Last week, Trump took sides in another Texas runoff in the competitive 23rd District along the Mexican border, where GOP Rep. Will Hurd is retiring. Trump endorsed Navy veteran Tony Gonzales, who is also backed by Hurd and other prominent Republicans, including House Minority Leader Kevin McCarthy. Gonzales is running against Air Force veteran Raul Reyes, who recently earned the endorsement of Texas GOP Sen. Ted Cruz.

And in Alabama, Trump endorsed former Auburn University football coach Tommy Tuberville shortly after he and Trump’s former attorney general, Jeff Sessions, secured runoff spots for the GOP Senate nomination in March. Trump has made clear his disdain for Sessions, who recused himself from the investigation into Russian interference in the 2016 election.

Sessions is seeking to retake the seat he held when he was the first senator to endorse Trump in 2016, and he has compared himself to the challengers who have recently defeated Trump-backed candidates.

“The challengers were stronger advocates of the Trump agenda than the incumbents, and the challengers won,” Sessions said at an event Monday, according to the Montgomery Advertiser.

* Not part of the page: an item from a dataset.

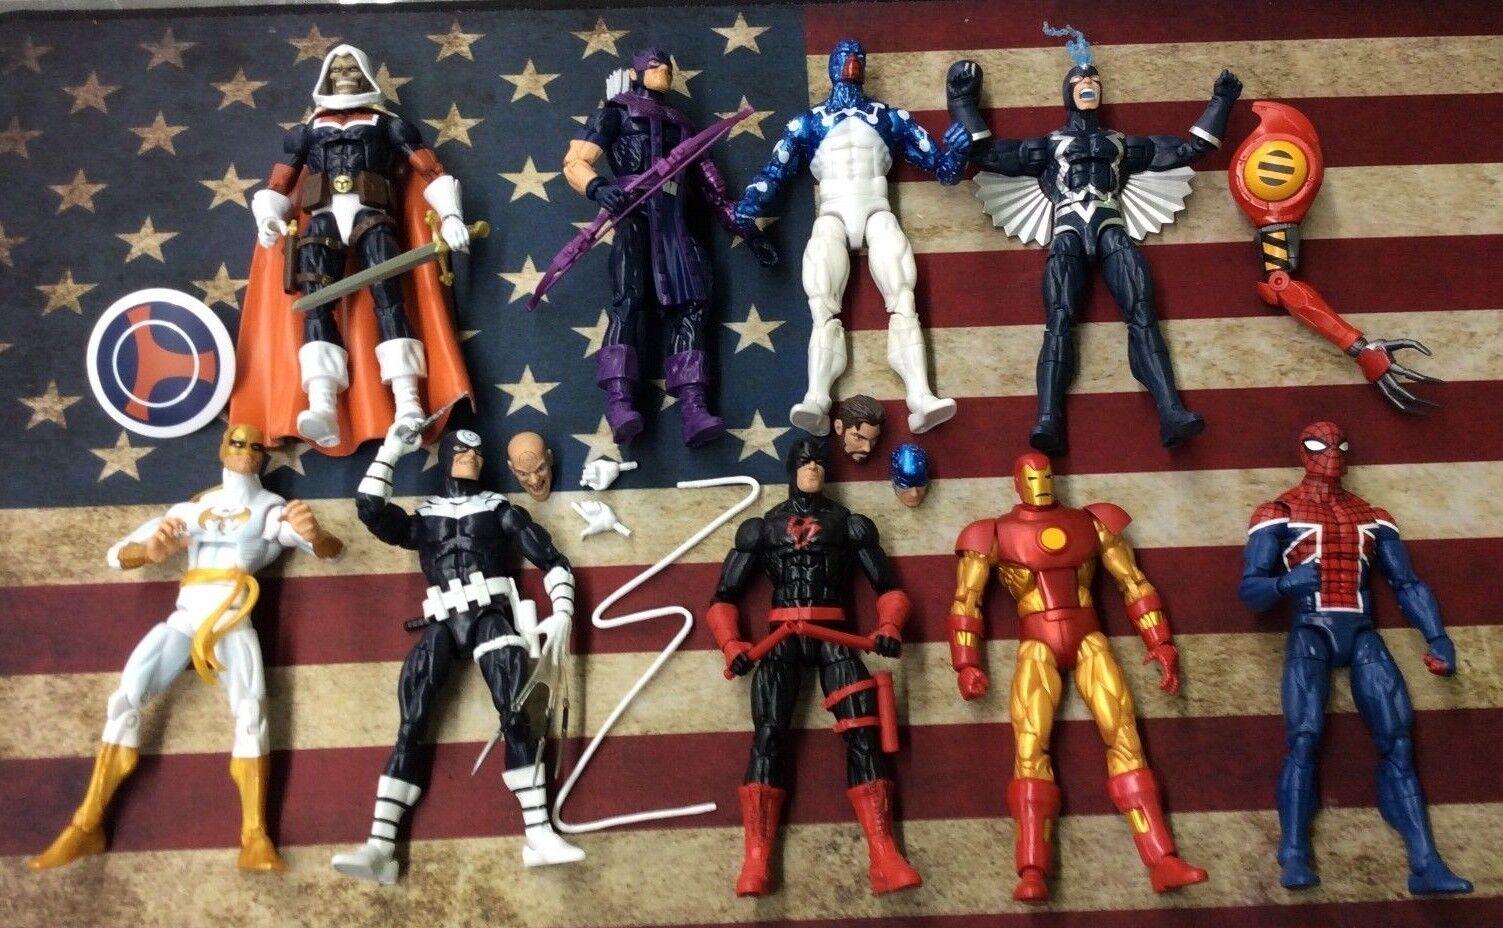 Hasbro Marvel Legends Action Figures Lot  Daredevil Spiderman & More  Pics

But McIntosh said the Trump-backed candidates who lost can’t be compared to next week’s runoffs because those candidates were facing “heavily local concerns.”

Rallying the base

The president’s decision to endorse Tuberville did play into the Club for Growth’s decision to support the former football coach as well. Club for Growth Action and Club for Growth PAC have spent a combined $598,000 so far backing Tuberville.

The club also endorsed Jackson after supporting a different candidate in the primary. And it found that Trump’s endorsement did move voters in the 13th District. In mid-May, a club poll found that a third of likely GOP voters knew Trump had endorsed Jackson, and 36 percent of those surveyed backed Jackson while 47 percent backed Winegarner.

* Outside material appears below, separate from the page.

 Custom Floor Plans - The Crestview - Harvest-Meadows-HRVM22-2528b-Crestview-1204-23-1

After the group ran an ad noting Trump’s endorsement, nearly 70 percent of the 400 likely GOP voters surveyed in mid-June were aware that the president was backing Jackson. Forty-nine percent supported Jackson, while 41 percent backed Winegarner.

Campaigns can see a fundraising bump when Trump tweets links to their candidate pages on WinRed, the GOP fundraising platform. All three of Trump’s preferred candidates outraised their runoff opponents in the pre-runoff fundraising period from April 1 through June 24.

But rallying Trump supporters is the main benefit of his endorsement, said Texas GOP consultant Matt Mackowiak, who is working with Gonzales.

“For people who may either not know anything about either candidate, or may know a little bit about both and have maybe not made up their mind, I think it can push people in one direction,” Mackowiak said.

In a matter of days over the recent holiday weekend, Gonzales’ campaign turned around a TV ad highlighting the endorsement, launching it this week while early voting is underway.

Mackowiak said Trump’s endorsement can also help neutralize attacks from Reyes that tied Gonzales to Hurd, who has occasionally criticized the president. A spokesman for Reyes disagreed.

“People don’t just necessarily blindly follow because someone’s endorsed a candidate," spokesman Phil Ricks said. Reyes had originally been challenging Hurd in a primary before Hurd decided to retire.

If Trump’s preferred candidates win, that could pay off for the president, McIntosh noted.

“In the end, it will pay dividends when he’s got people there that know they got elected because of him and will help him pass his agenda next year,” McIntosh said.

That’s especially true in the Alabama Senate contest and in Texas’ 13th District, where the GOP nominees are favored to win in November. Inside Elections with Nathan L. Gonzales rates the Alabama race, where Democratic incumbent Doug Jones is seeking reelection, Lean Republican. The 13th District race is rated Solid Republican.

The eventual Republican nominee faces a much tougher race in Texas’ 23rd District. Being tied to the president in that district could hurt the GOP candidate, since Trump lost the seat by 3 points in 2016. Inside Elections rates the race Lean Democratic.

But to reach that general election, Republicans first have to get past the primary, where Trump’s backing can be crucial to winning over the party’s base of supporters.

“It’s the single most important endorsement you can have,” Mackowiak said.